PKBQAC Dataset

A Dataset for Personal Knowledge Base Question Ansewring and Unanswerable Question Correction


Previous works on knowledge base question answering focus on finding answers for answerable questions. In the real world applications, however, people often muddle up facts and ask those questions that cannot be answered with knowledge base. The personal knowledge base (LiveKB) consists of 137 relations and 15,525 events written in Chinese collected from Twitter 18 users. In the construction of the dataset, we manully generate seven types of questions, including "who", "what", "where", "when", "how many", "duration", and "True or False". In summary, there are two types of answerable questions: (1) the answers can be retrieved from the KB, and (2) the questions can be answered with "True" or "False" based on the KB. The rest of the questions are unanswerable. As a result, the dataset contains 41,960 distinct Chinese questions, where the numbers of answerable and unanswerable questions are 38,201 and 3,759, respectively.

20210929 update dataset: correct some annotations of question type.


Each entry in the JSON format is consisted of "tweet_id" (the ids of the related tweets), "answerable" (is the question answerable), "question", and "correct_questions" (the possible corrected questions of the unanswerable question).
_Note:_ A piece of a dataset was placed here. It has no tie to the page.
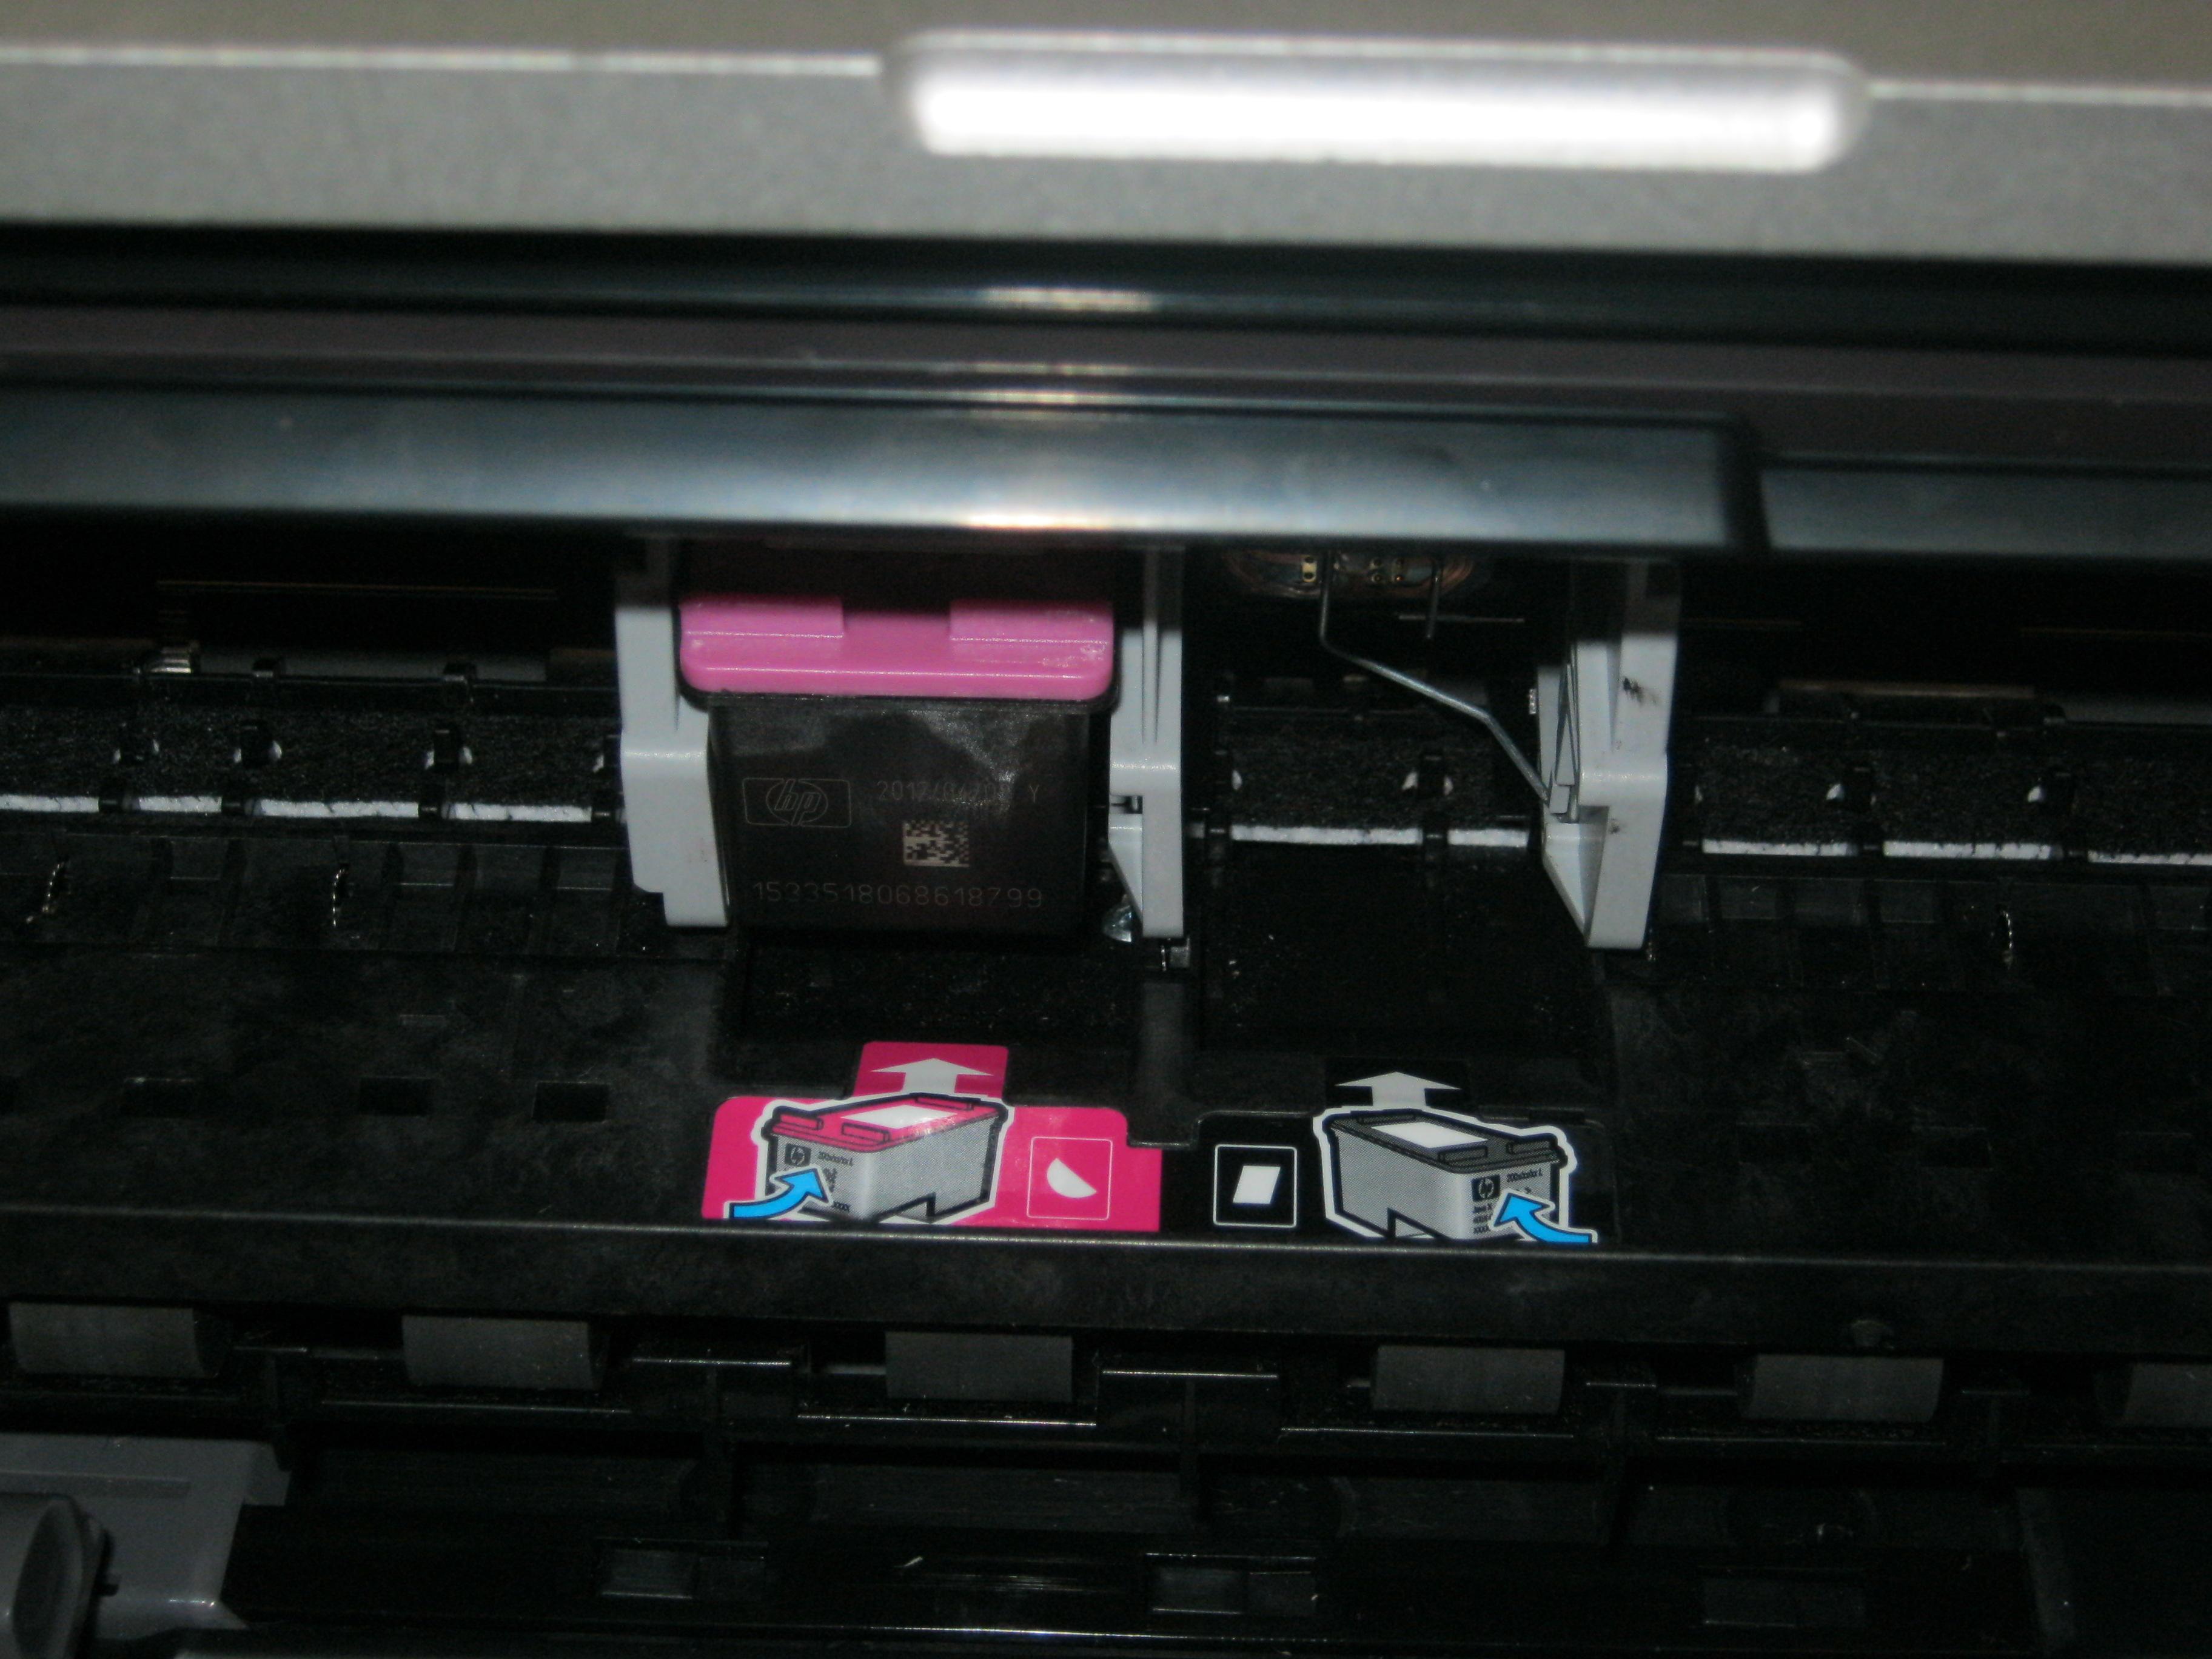 Driver for hp photosmart 7350 windows 7 M: HP PhotoSmart 7660 Inkjet Printer: Electronics

"question" and "correct_questions" are consist of "question" and "triple_mentions", where triples in "triple_mentions" means which events comprise the question, and the answer is in "tripleA".


  {'answerable': False,
 'correct_questions': [{'question': '我租什么去北横经过外澳服务区伯朗咖啡',
                        'triple_mentions': {'time_info': {'index': None,
                                                          'mention': None},
                                            'tripleA': {'object': '单车',
                                                        'object_index': None,
                                                        'subject': '租',
                                                        'subject_index': '0',
                                                        'time': None,
                                                        'time_index': None},
                                            'tripleB': {'object': '外澳服务区伯朗咖啡',
                                                        'object_index': '9-17',
                                                        'subject': '去',
                                                        'subject_index': '0',
                                                        'time': None,
                                                        'time_index': None},
                                            'tripleC': {'object': '北横',
                                                        'object_index': '5-6',
                                                        'subject': '去',
                                                        'subject_index': '0',
                                                        'time': None,
                                                        'time_index': None}}}],
 'question': {'question': '我租什么去基隆火车站经过外澳服务区伯朗咖啡',
              'triple_mentions': {'tripleA': {'object': '车',
                                              'object_index': '8',
                                              'predicate': '租',
                                              'predicate_index': '1',
                                              'subject': '我',
                                              'subject_index': '0',
                                              'time': None,
                                              'time_index': None},
                                  'tripleB': {'object': '外澳服务区伯朗咖啡',
                                              'object_index': '12-20',
                                              'predicate': '去',
                                              'predicate_index': '4',
                                              'subject': '我',
                                              'subject_index': '0',
                                              'time': None,
                                              'time_index': None},
                                  'tripleC': {'object': '基隆火车站',
                                              'object_index': '5-9',
                                              'predicate': '经过',
                                              'predicate_index': '10-11',
                                              'subject': '我',
                                              'subject_index': '0',
                                              'time': None,
                                              'time_index': None}}},
 'question_type': 'what',
 'tweet_id': ['63166644754710528',


Please click Google Form to fill out the questionnaire survey, the download link of the PKBQAC dataset will be sent to your e-mail inbox.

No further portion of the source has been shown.